After changing the known_hosts and the config file, you are ready to use euler-tunnel

Commands availabe for euler-tunnel

$ euler-tunnel -h
Usage: euler-tunnel [OPTIONS] COMMAND [COMMAND_ARGS]

Manages ssh tunneling to a batch job.

Commands:
   start: [SLURM_JOB_ARGS]
      Submit a batch job which runs a ssh server.
      The given SLURM_JOB_ARGS are passed to the batch job.

   status:
      Show the status of the tunnel batch job.

   stop:
      Cancel the running tunnel batch job.

   server:
      Start the ssh server.
      Use this from your own sbatch script to handle more advanced use cases
      which can not be handled with the 'start' command.
      The environment in which the ssh server is started is preserved and
      reused for any ssh client sessions that it starts.

   config:
      Show ssh client configuration for users computer.

   connect:
      Connect to the ssh server running inside the tunnel batch job.
      Use this with a ProxyCommand in your ssh config (on your computer).
      e.g. ProxyCommand ssh euler.ethz.ch euler-tunnel connect
      Use the 'config' command to get a full configuration example.

   wait: TIMEOUT
      Wait for the ssh server inside the tunnel job to be usable.

   ensure: [SLURM_JOB_ARGS]
      Ensure that the tunnel job is running and usable.
      Uses an existing tunnel if available, starts a new tunnel with the
      optionally given SLURM_JOB_ARGS otherwise.
      Wait's for up to 60 seconds for the tunnel to be usable.
      If you have to wait longer, use the 'start' followed by the 'wait'
      commmand which allows you to set a custom timeout.

   reset:
      Delete all files related to euler-tunnel.
      This is safe to do, no data will be lost.
      Note that you will be prompted to re-configure your ~/.ssh/known_hosts
      file when using euler-tunnel the next time.

Options:
    -h    show this help message
    -x    run with 'set -x' set

Examples:
   # Submit tunnel batch job with default settings.
   euler-tunnel start

   # Submit tunnel batch job with custom settings.
   euler-tunnel start --time=4:00:00 --cpus-per-task=2 --mem-per-cpu=2G

   # Show the status of the tunnel batch job.
   euler-tunnel status

   # Shows you how to configure your ssh client.
   euler-tunnel config

   # Stop the tunnel batch job.
   euler-tunnel stop

   # Start the ssh server manually, e.g. from inside a sbatch script with
   # custom config and modules loaded.
   euler-tunnel server

Using euler-tunnel

The command

euler-tunnel start

needs to be run on a login node of Euler.
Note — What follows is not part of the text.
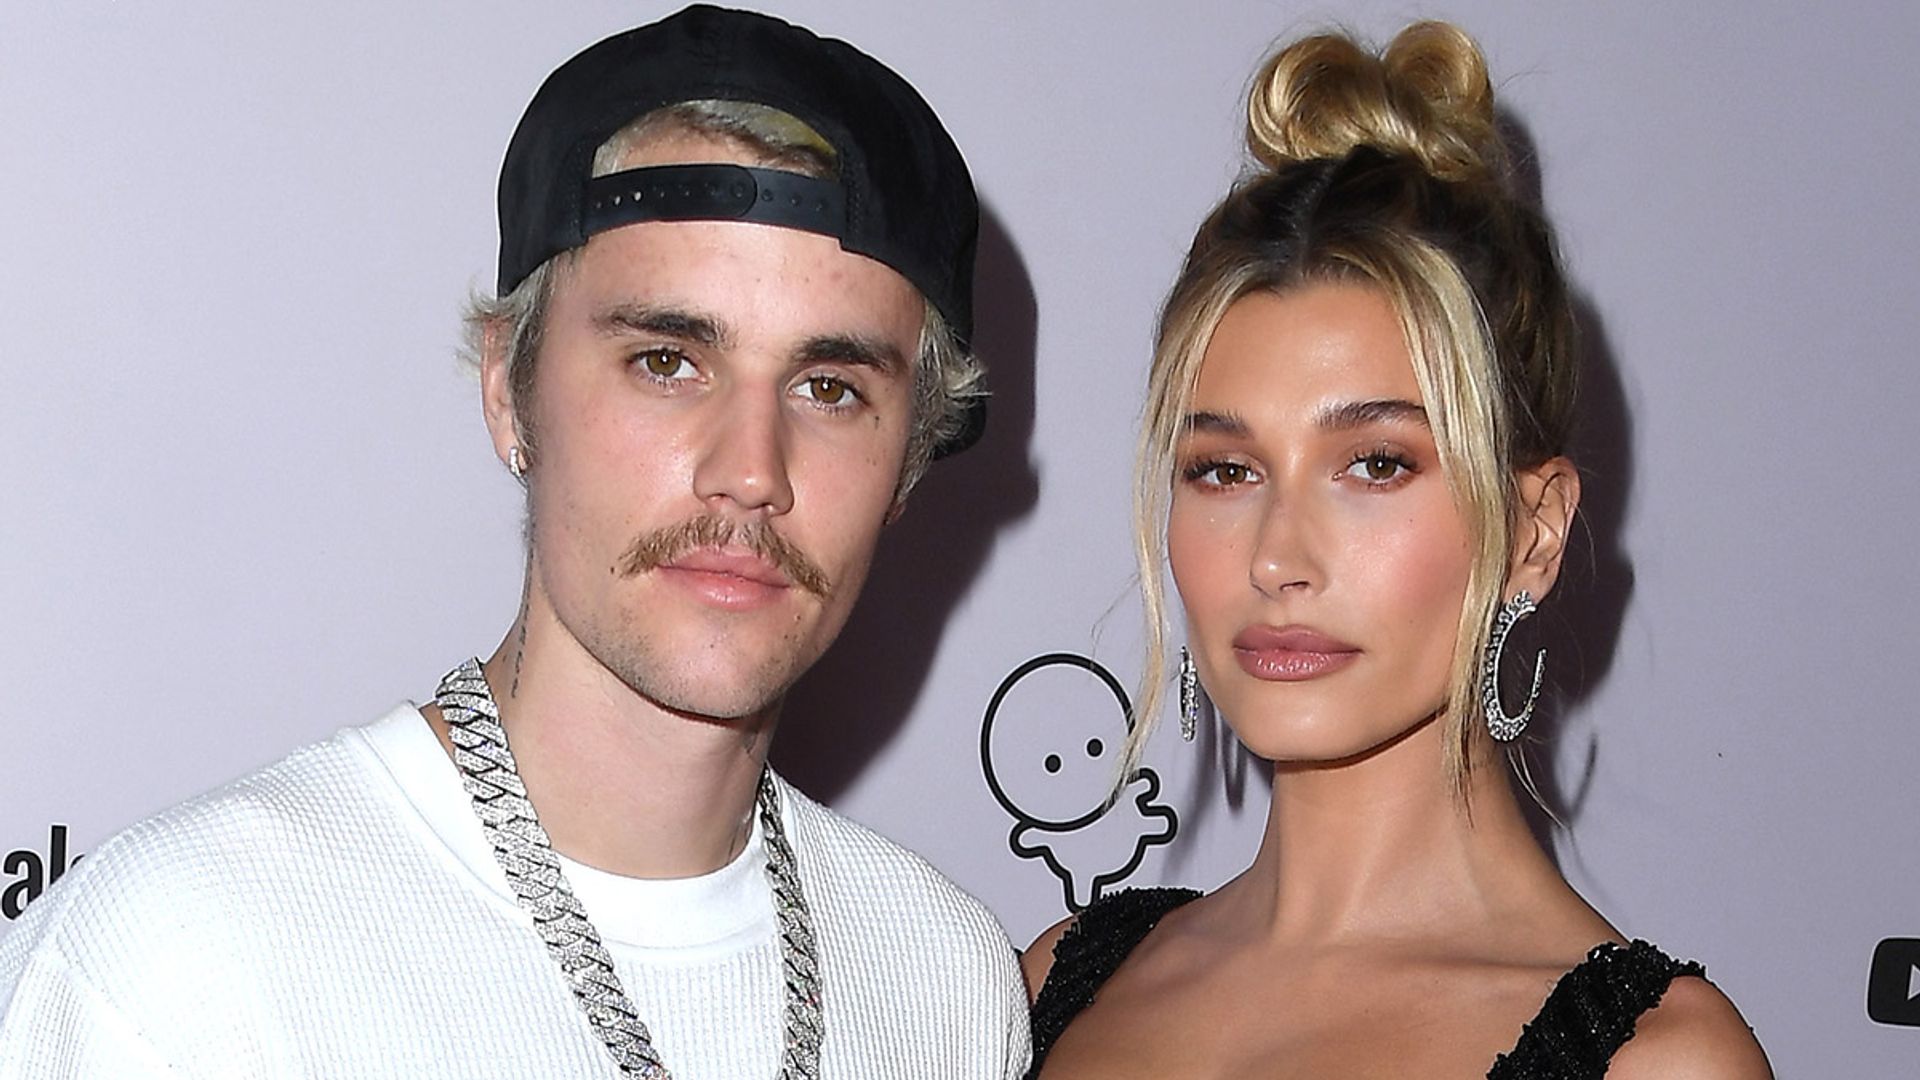 Hailey Bieber's fans react to magical wedding photos with husband Justin

It accepts the same options as sbatch:

euler-tunnel start --time=4:00:00 --cpus-per-task=2 --mem-per-cpu=2G

but you don't run any command with --wrap="". This will setup a batch job that you can then connect to.

As a second step, you can use the SSH client on your local computer and ssh to euler-tunnel

ssh euler-tunnel

This will create an SSH tunnel into the batch job that was started before.

Running simple commands through SSH in a remote batch job

After starting a batch job with euler-tunnel

eu-login-42:~$ euler-tunnel start
Submitted batch job 3035916
eu-login-42:~$ euler-tunnel status
             JOBID PARTITION     NAME     USER ST       TIME  NODES NODELIST(REASON)
           3035916 normal.4h euler-tu  asteven  R       0:04      1 eu-g5-047-2
eu-login-42:~$

you can run commands from your local computer through the tunnel:

eos:~% ssh euler-tunnel hostname
eu-g5-047-2
eos:~%

In this example, we run the command hostname in the batch job 3035916 that is running on the compute node eu-g5-047-2.

VSCode

If you have setup the SSH config according to the description above, then you can perform the following steps to connect VSCode to a batch job running on Euler

  • Start a batch job with euler-tunnel
  • Start VSCode on your local computer
  • Start the Remote SSH plugin
  • Select "Connect to Host..." to see the list of hosts, among which you should see euler-tunnel
  • Chose the entry and your local VSCode session will connect to the running batch job on Euler

If you loose the connection, then you can start the Remote SSH plugin again and reconnect.